To fall in love is an abyss of ecstasy and bewilderment that is far beyond our western understanding. It is nothing less than seeing the image of God in the form of another person and being transfixed by a splendor beyond our comprehension. The art of falling in love is recent in human experience, probably not much known before the advent of our own modern age. It is still not known, or honored, in the eastern world except as they drink up our customs and ideals by the sudden deluge of the information age. It is astonishing to see how quickly an easterner takes on western characteristics - both good and bad - as he or she adopts the English language and western customs. Only one generation is required to turn a traditional easterner into a jeans-clad ambitious youth clambering to get to America where the streets are paved with gold.

So, what is the strange love required on the spiritual path? It is very much akin to our romantic love, or falling in love. I am inclined to think that our capacity to fall in love is a new faculty of religious comprehension for which we have so little insight as to be catastrophic. We naively presume that falling in love is the ideal preparation for marriage, when the facts are that virtually no ordinary human arrangement can hold the immense power of the Divine Love which has fallen upon us.
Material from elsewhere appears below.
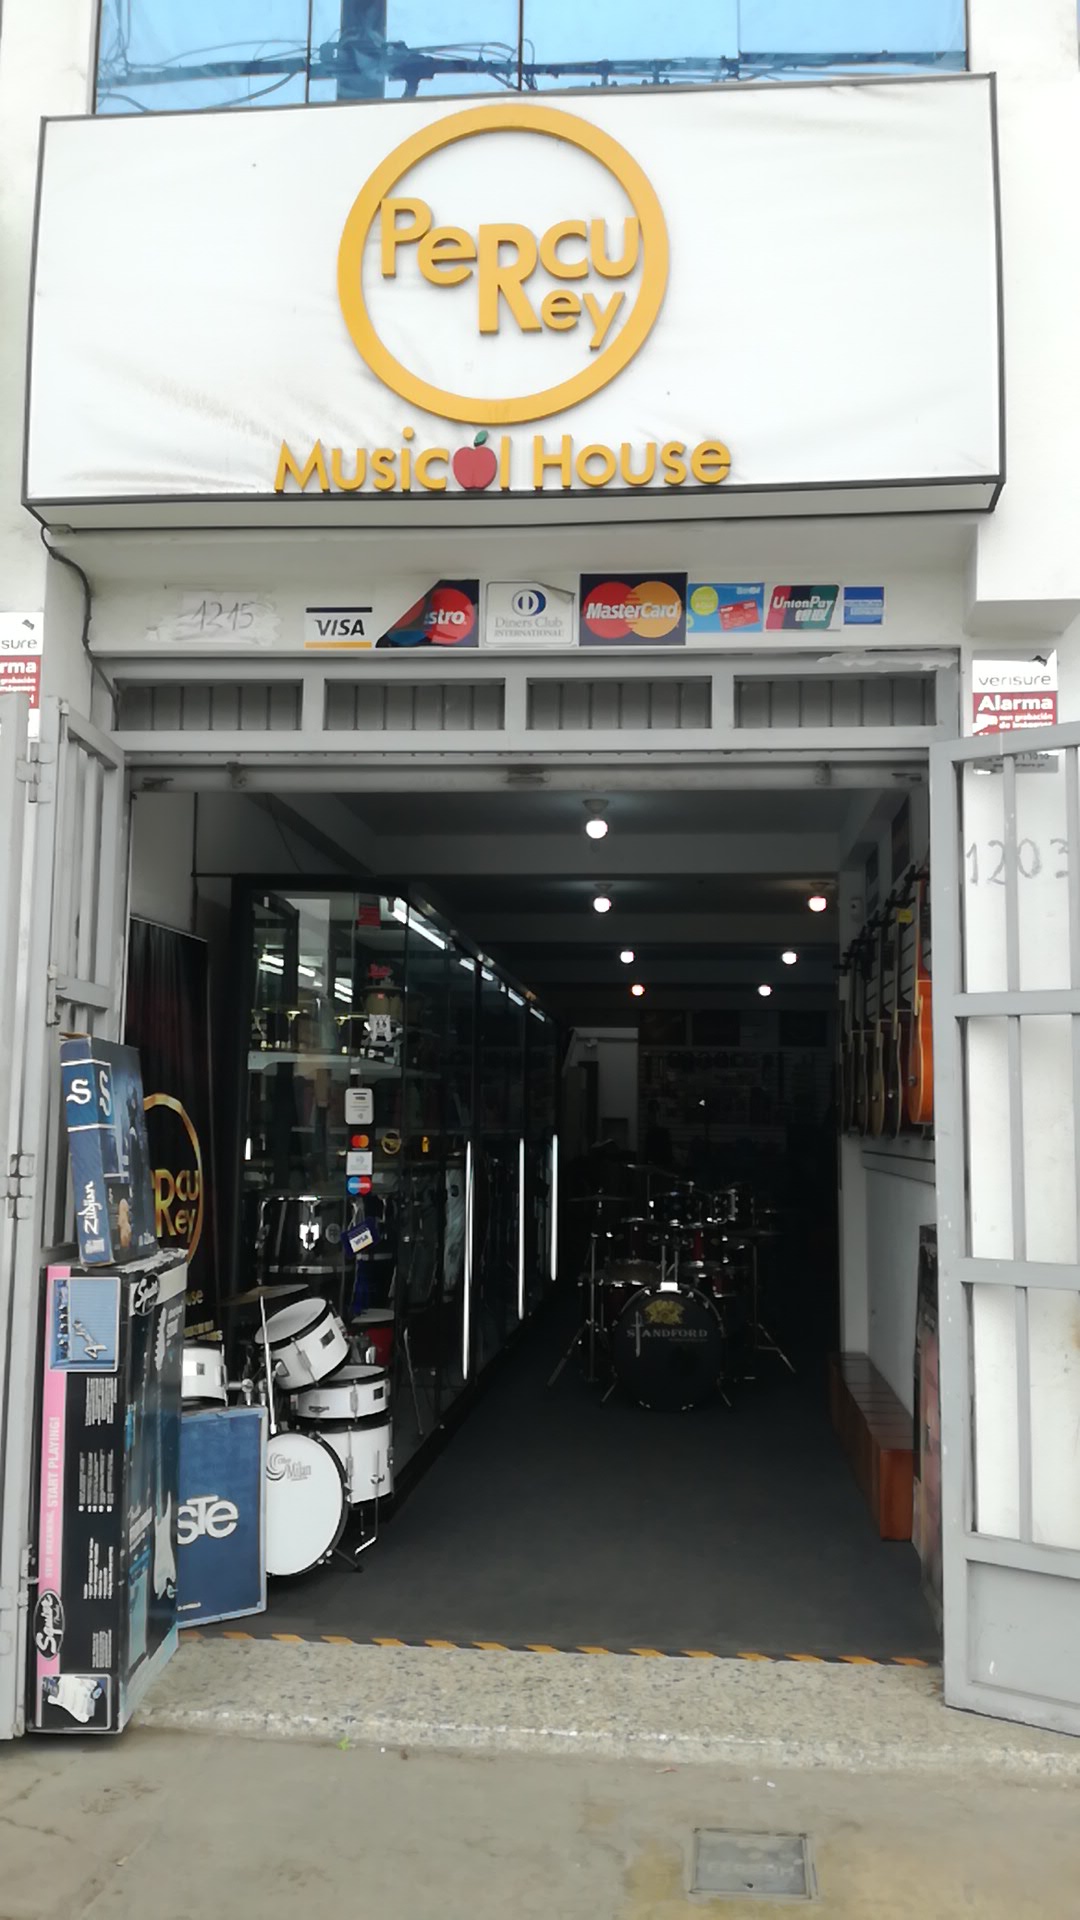 Percurey Musical House
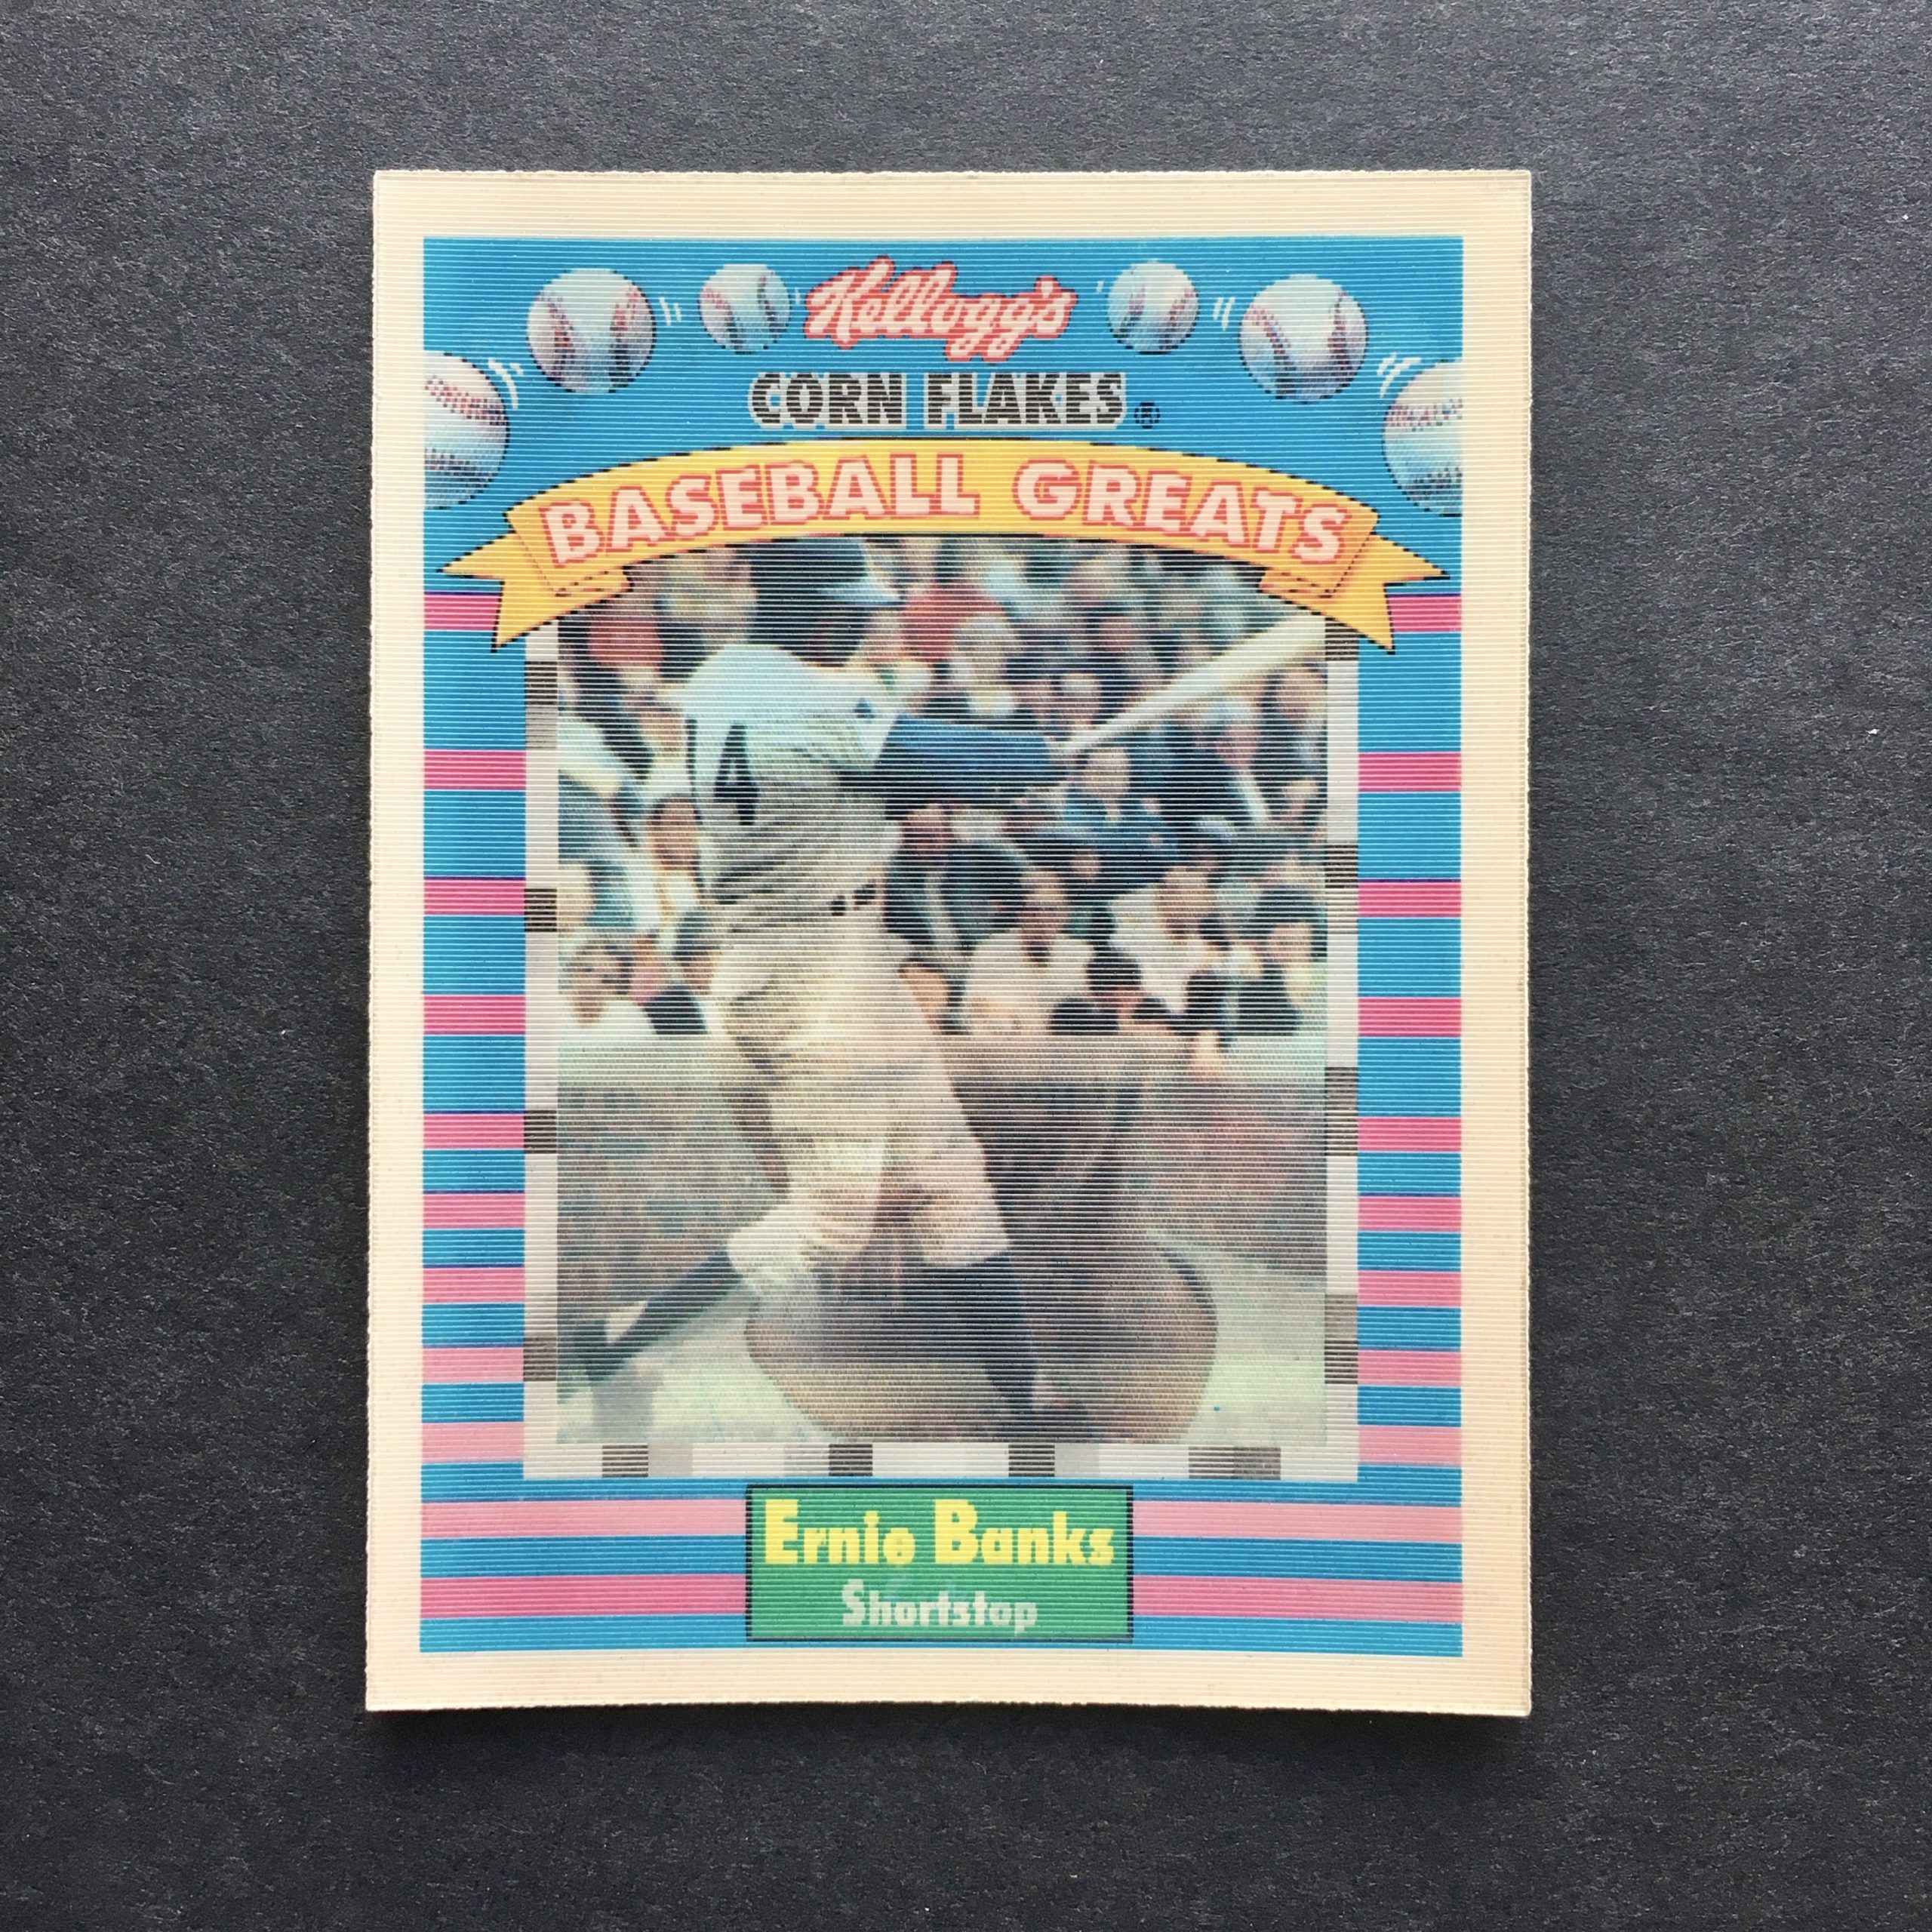 Ernie Banks 1991 Kellogg's Corn Flakes Baseball Greats Card

Perhaps romantic love, falling in love, appeared when our traditional religious forms began to lose their power to mediate the Splendor of God for us. To ask another fallible human being to carry this splendor is to ask the household wiring of our ordinary life to carry the hundred thousand volt power of the Vision of Heaven.

I once observed traditional Indian youths going to the temples frequently, sitting in yoga position before an image of God, tremble with the power of the experience, then go about their daily work and family without being tempted to ask that vast impersonal experience of a mortal human.

Probably the most volatile problem our modern world faces is what to do with the uncontrollable power of the love that is greater than any individual. Little wonder that romantic love, that lightning bolt that falls from the heavens, when laid at the feet of a mortal human , fails both persons involved. The origin of the term Honeymoon implies that it
lasts for a month.

But what about "reality"?

It is possible to invest the great love in a way which can support it and thus leave our human love to a realm which is
appropriate for it. To mix the two is a sure program for disillusionment and bitter disappointment.

All models prove inadequate finally, and it must be admitted that all loves are the same love - of divine origin; but this is a rare experience to be found only after the most careful differentiation. Freud was right: everything depends on sex as the origin of its power: however, he declined ever to define his term, perhaps in humility at the power of it. He might
have been better understood if he had used the term Love. But it is a rare individual who has earned the right to this Unitive vision.